Overtone Selection is accomplished via a set of four switches on the handle that the player uses to move the slide. Here's a picture of the handle:



The handle is a repurposed joystick, with some momentary switches epoxied into some (very crudely drilled) holes I made in the handle. The "trigger" button is actuated with the index finger, and the remaining buttons are operated with the second, third, and fourth fingers.
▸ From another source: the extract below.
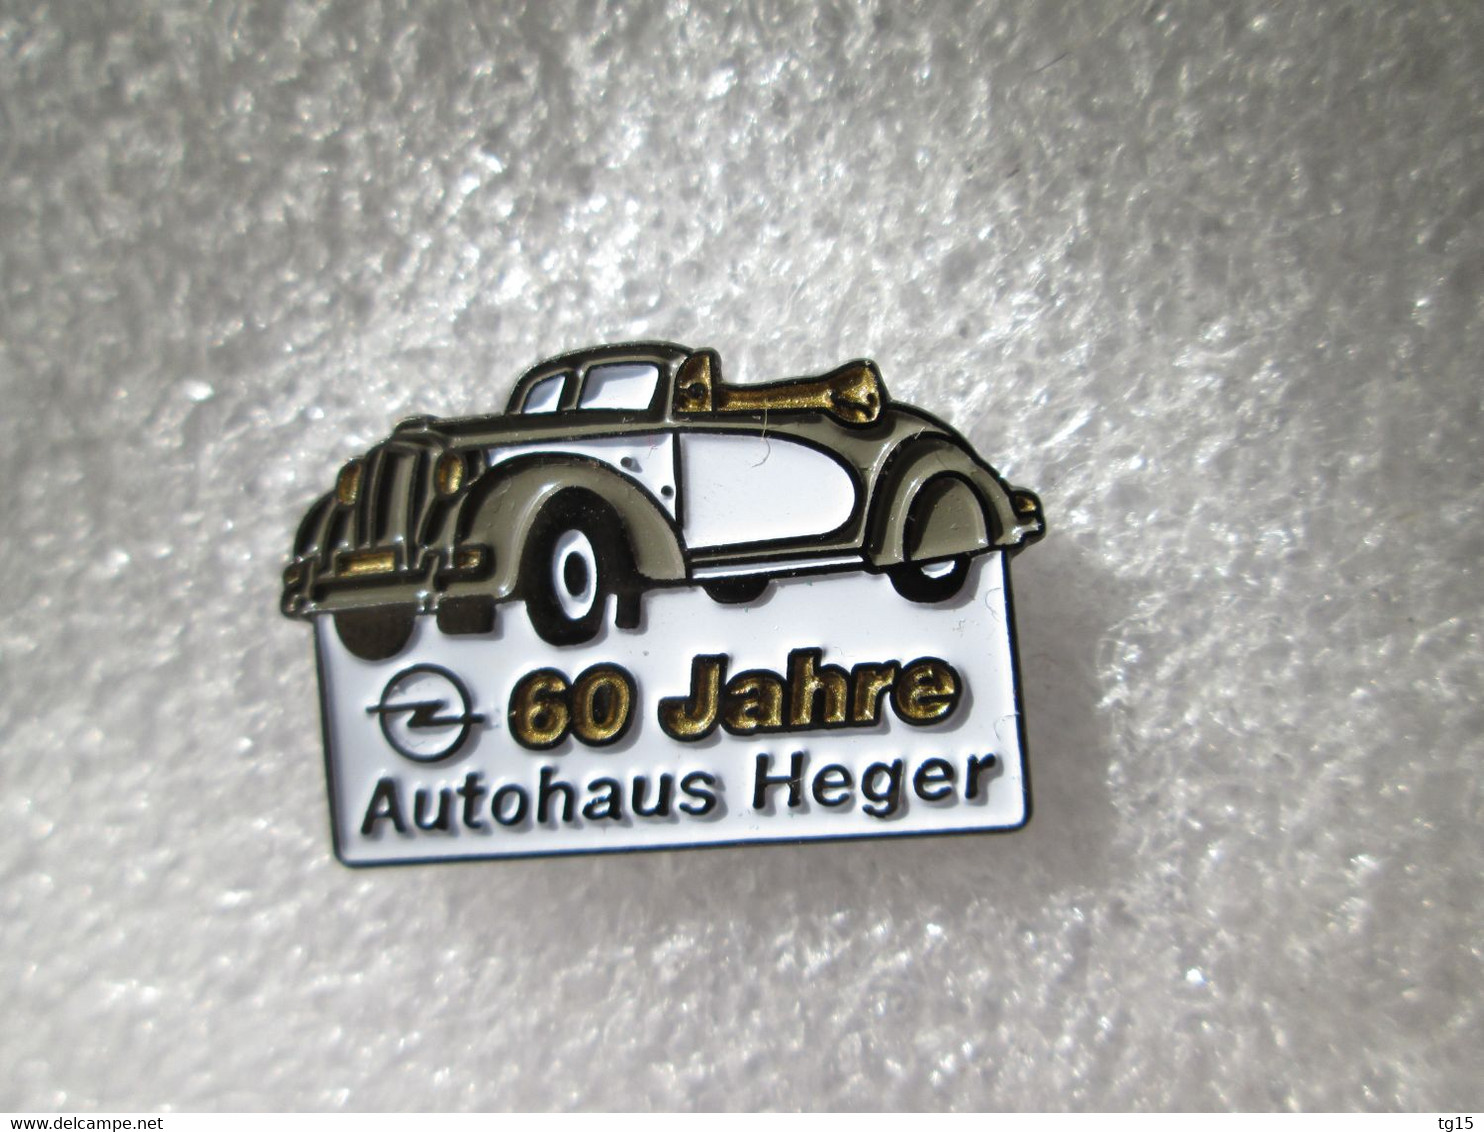 RARE PIN'S OPEL SUPER 6 60 JAHRE AUTOHAUS HEGER - Opel
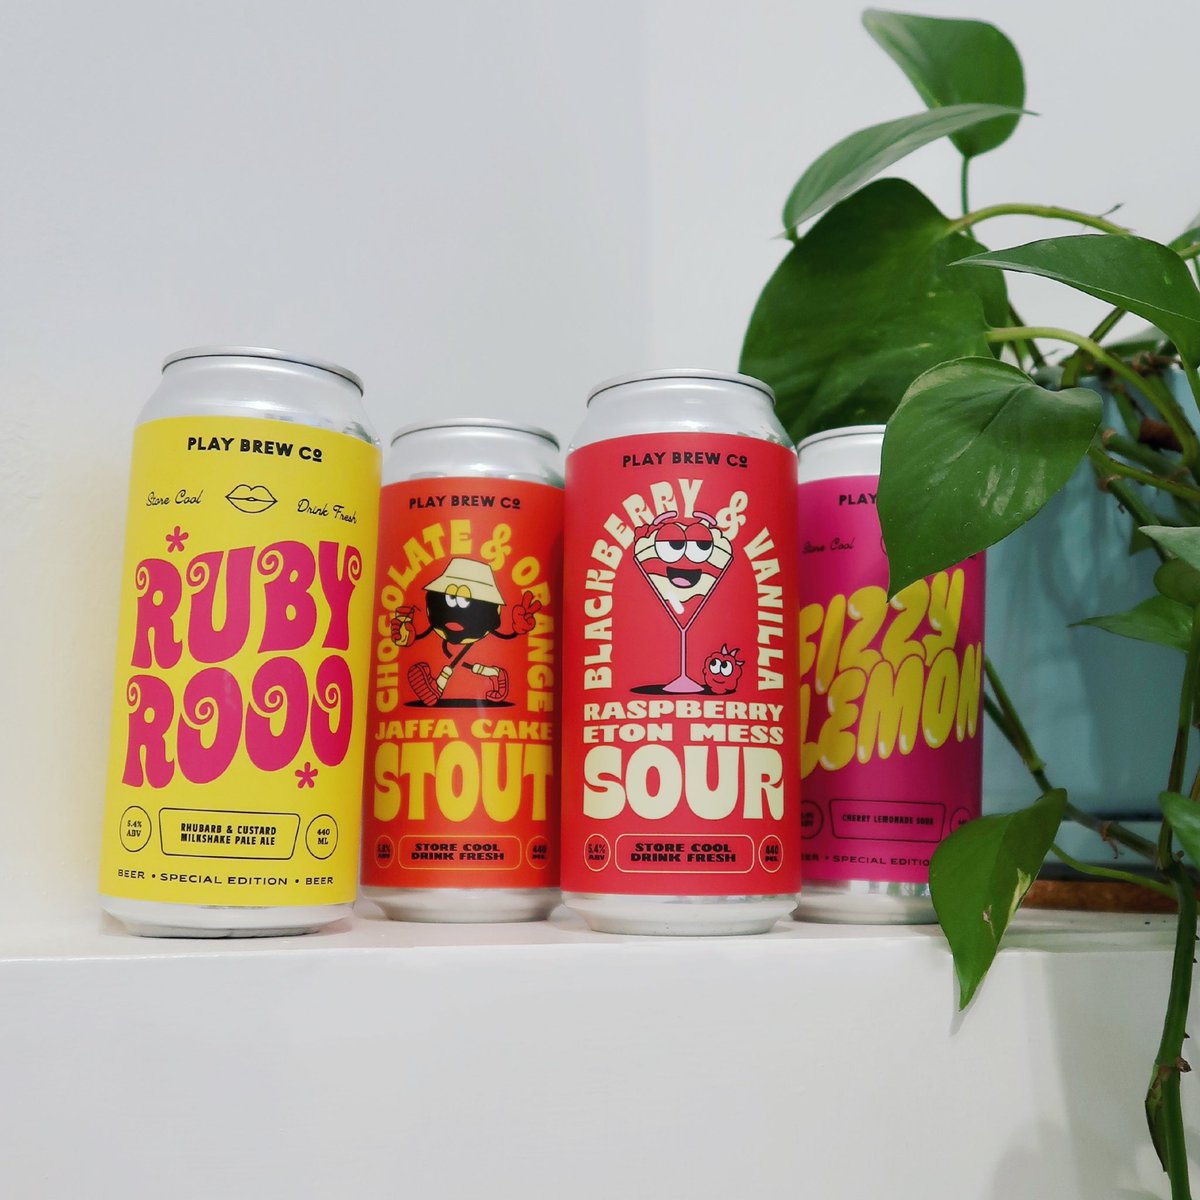 Don’t forget to join us and @breweryjeweller at Hebburn Food Market on Saturday, when we’ll have these new @PlayBrewCo beers available: 🔸Rhubarb & Custard Milkshake Pale Ale 🌱 ▪️Chocolate & Orange Stout 🔹Blackberry & Vanilla Sour 🌱 ▫️Cherry Lemonade Sour 🌱 🌱= vegan

By using a simple "chording" method, the player can select any one of eight overtones:

Overtone 0: off off off off
Overtone 1: on off off off

Overtone 2: on on off off
Overtone 3: on on on off
Overtone 4: on on on on
Overtone 5: off on on on
Overtone 6: off off on on
Overtone 7: off off off on

Now, only 8 overtones is not really enough to make a trombone player feel at home (most accomplished players can produce at least 10), so I need to think about this some more, but 8 overtones does give me enough range to play stuff that's interesting.

Here's a short video of me playing a little improvisation on the instrument. I still have some work ahead of me to produce a patch that makes the instrument play well. The patch you're hearing is one I built for the ES2 FM synth that comes with Apple Logic Express.


video


I have to say that, while the instrument is still pretty glitchy, I'm starting to feel like it's possible to be expressive with it. I'm also feeling like the instrument is pretty consistent; it behaves predictably, which allows me to practice a musical passage, get it right, and then to be able to perform it in a repeatable fashion.